Moreover, HIV is only part of the long-term problem. Even for those who can maintain an undetectable viral load, the risk of developing non-HIV-related diseases such as cancer and heart disease is much higher than that of the general population, and may occur earlier than 10 to 15 years.
These concerns are so deep that people living with HIV are more likely to die prematurely from diseases not related to HIV than from diseases related to HIV.
“The gains and losses of life years”
The factors that affect life expectancy can be static (fixed) or dynamic (can change over time).
Static factors such as race or sexual orientation can affect life expectancy, because these factors are often unavoidable. For example, the high level of poverty in the black community combined with the lack of access to health care and high discrimination against HIV have made many of the achievements of the white community disappear.
In contrast, dynamic factors have a strong causal relationship with survival time. For example, adherence to treatment is directly related to disease progression. The less time the treatment is adhered to, the greater the risk of resistance and treatment failure. With each failure, one loses more and more treatment options. When looking at static and dynamic risk factors, we can begin to identify factors in which a person gains or loses life years unknowingly. These include:
A person’s CD4 count at the beginning of treatment is still one of the most powerful indicators of life expectancy. The life expectancy of patients with a CD4 count of less than 200 at the beginning of treatment is 8 years less than that of patients with a CD4 count of more than 200 at the same time.

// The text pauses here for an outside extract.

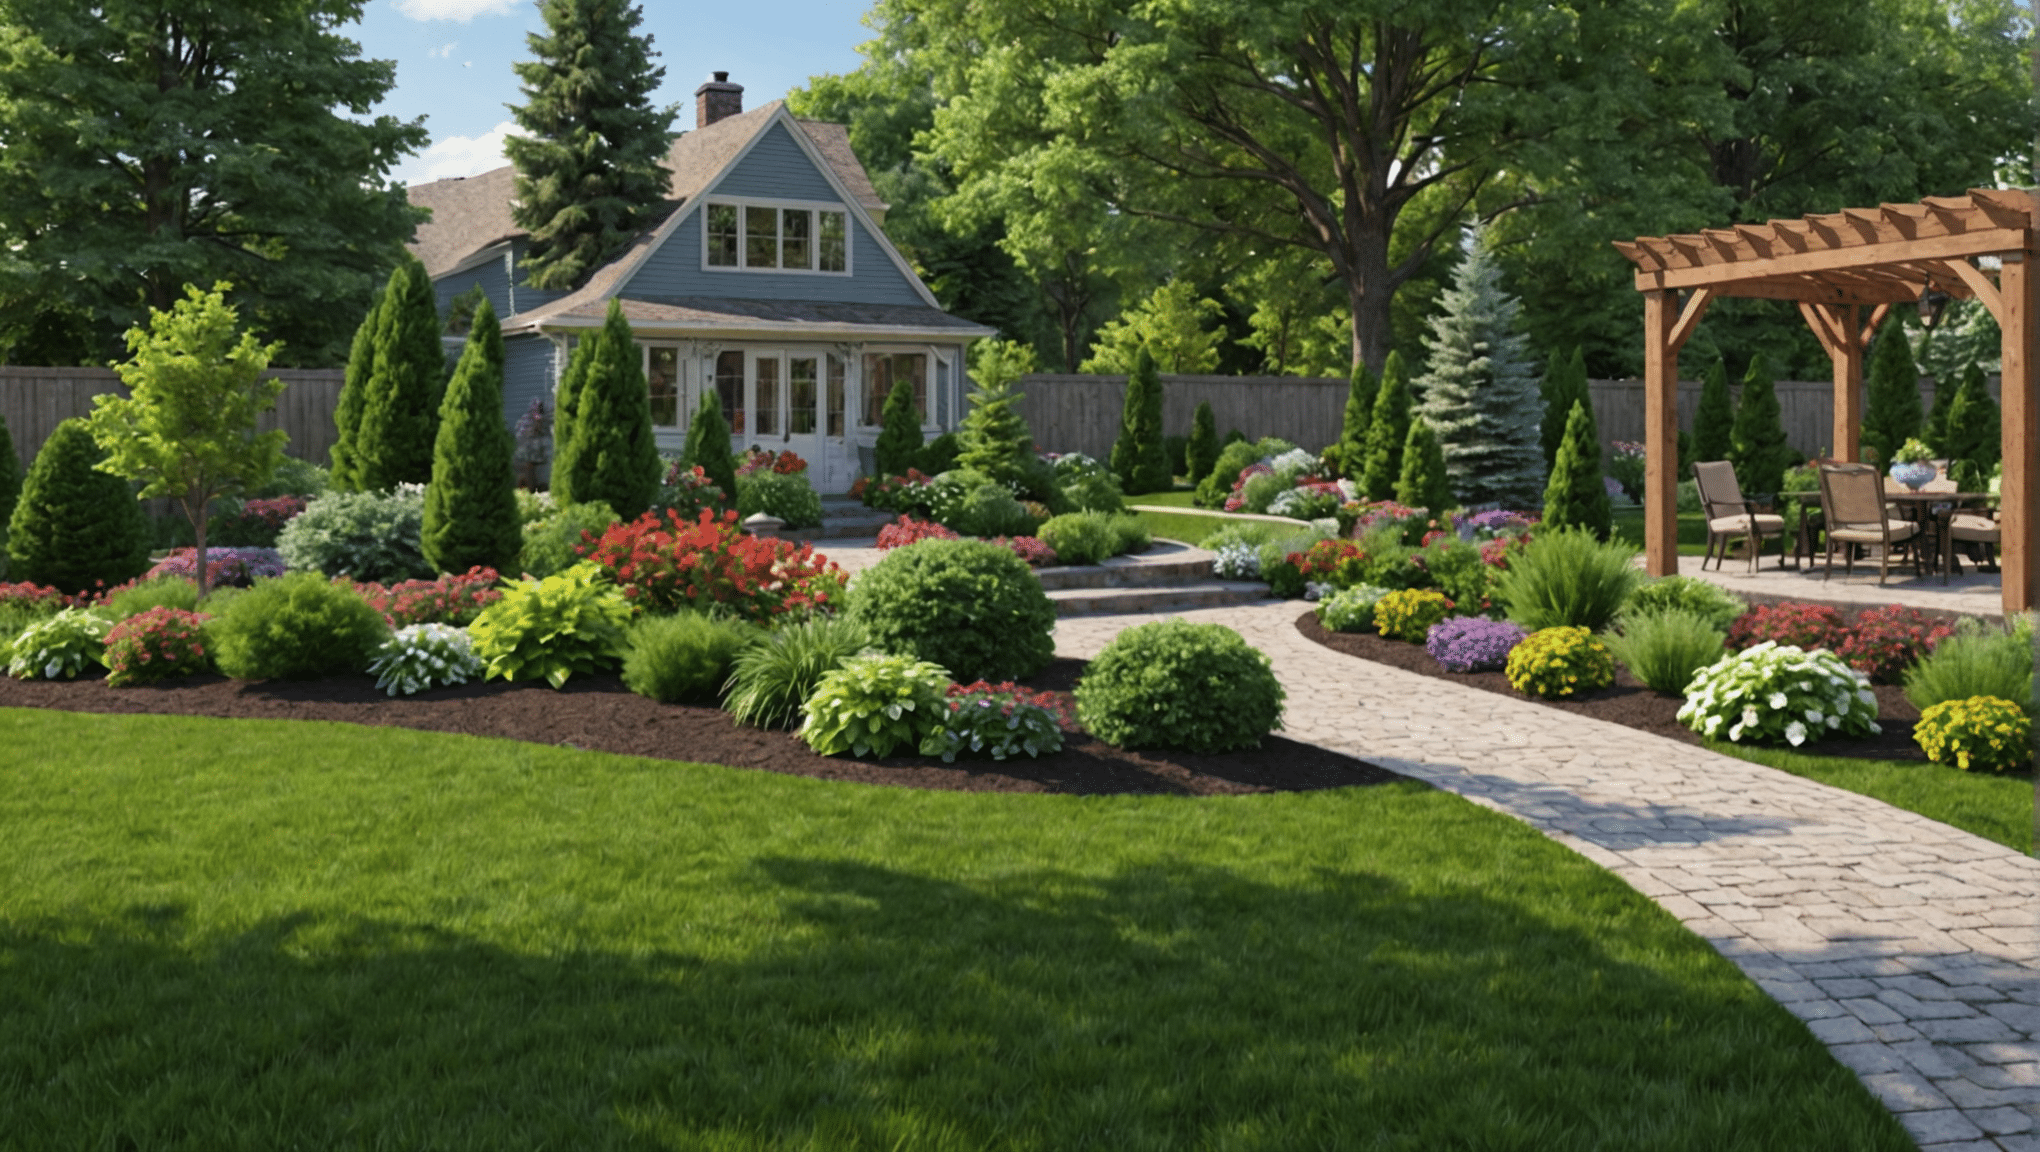 discover how landscaping inspiration can be used to create a tranquil outdoor sanctuary with our expert tips and ideas.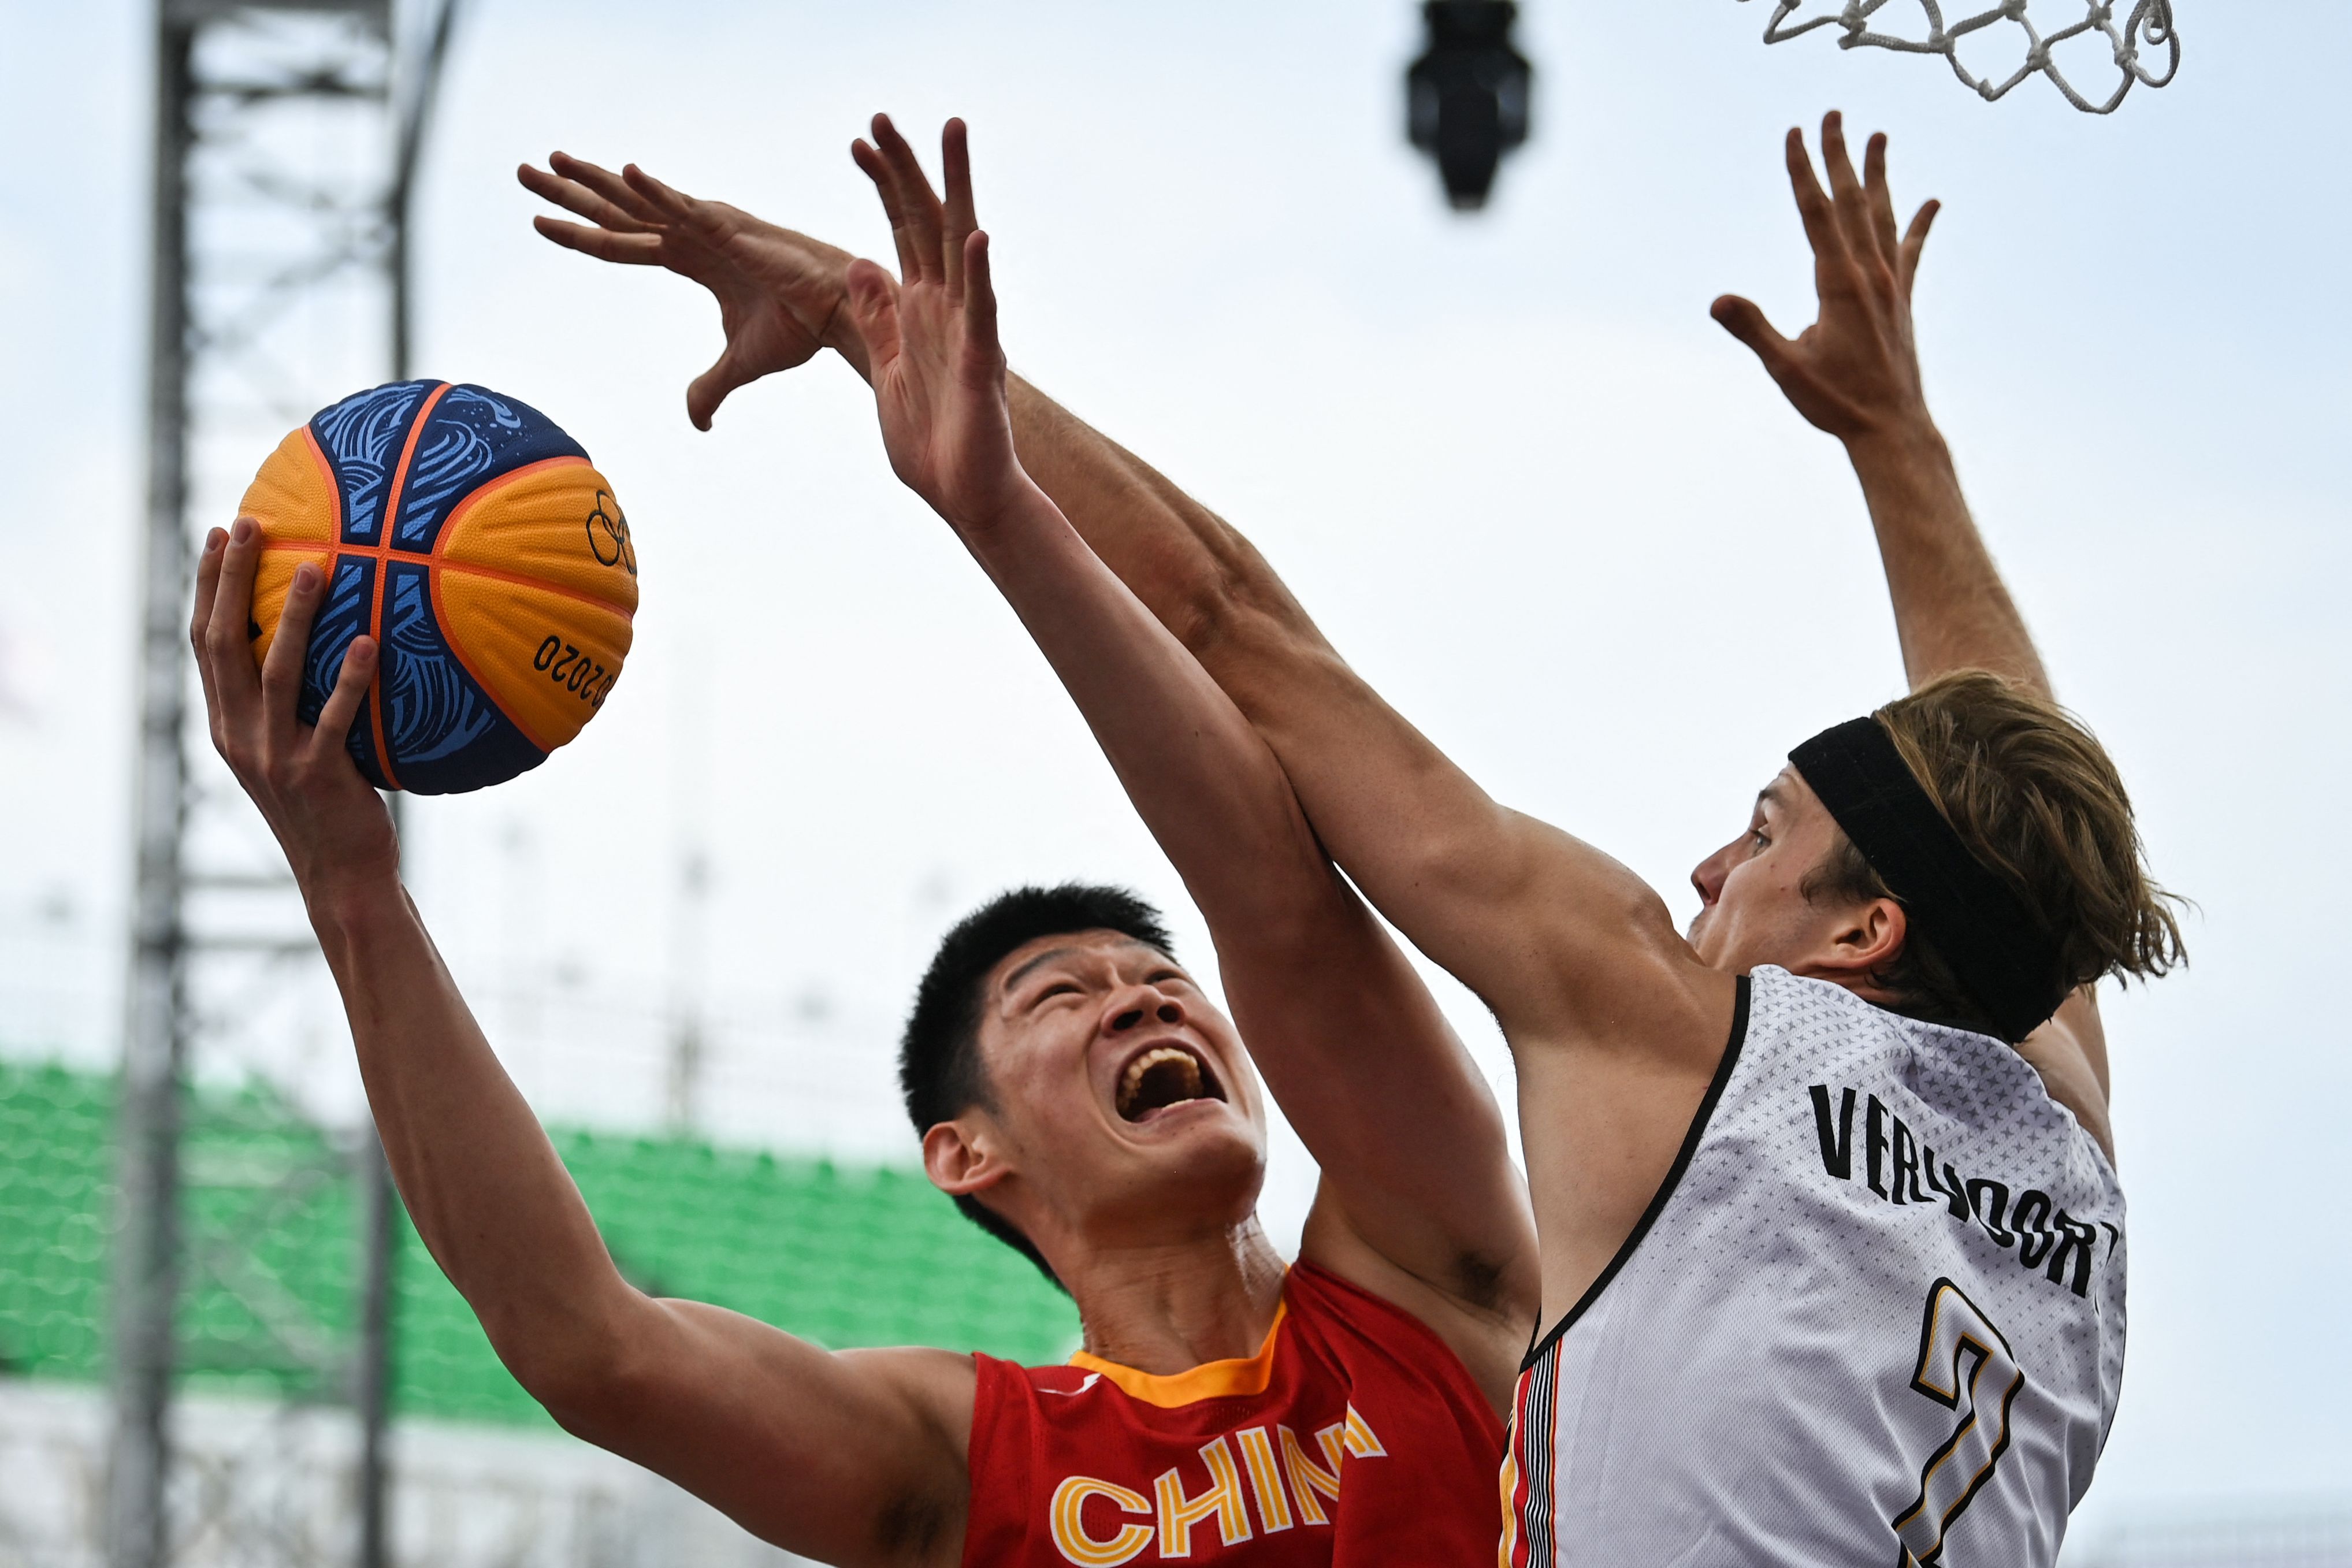 Belgium's Thibaut Vervoort (R) fights for the ball with China's Hu Jinqiu during the men's first round 3x3 basketball match between Belgium and China  in Tokyo, on July 26

Smokers who are infected with HIV lose more life than people who are only infected with HIV. In fact, among smokers infected with HIV, the risk of death caused by smoking is twice that of the former, regardless of whether they are living with HIV, smoking will shorten a person’s life span by 10 years.
Race and longevity are closely related to HIV. According to a 2012 study, the death rate of HIV-positive blacks is 13% higher than that of whites and 47% higher than the Hispanic population.
Injecting drug users suffer losses in both HIV and non-HIV-related diseases. The most important contributing factors are poor compliance and hepatitis C co-infection. Overall, the death rate of HIV-positive injecting drug users is almost twice that of HIV-positive non-injecting drug users.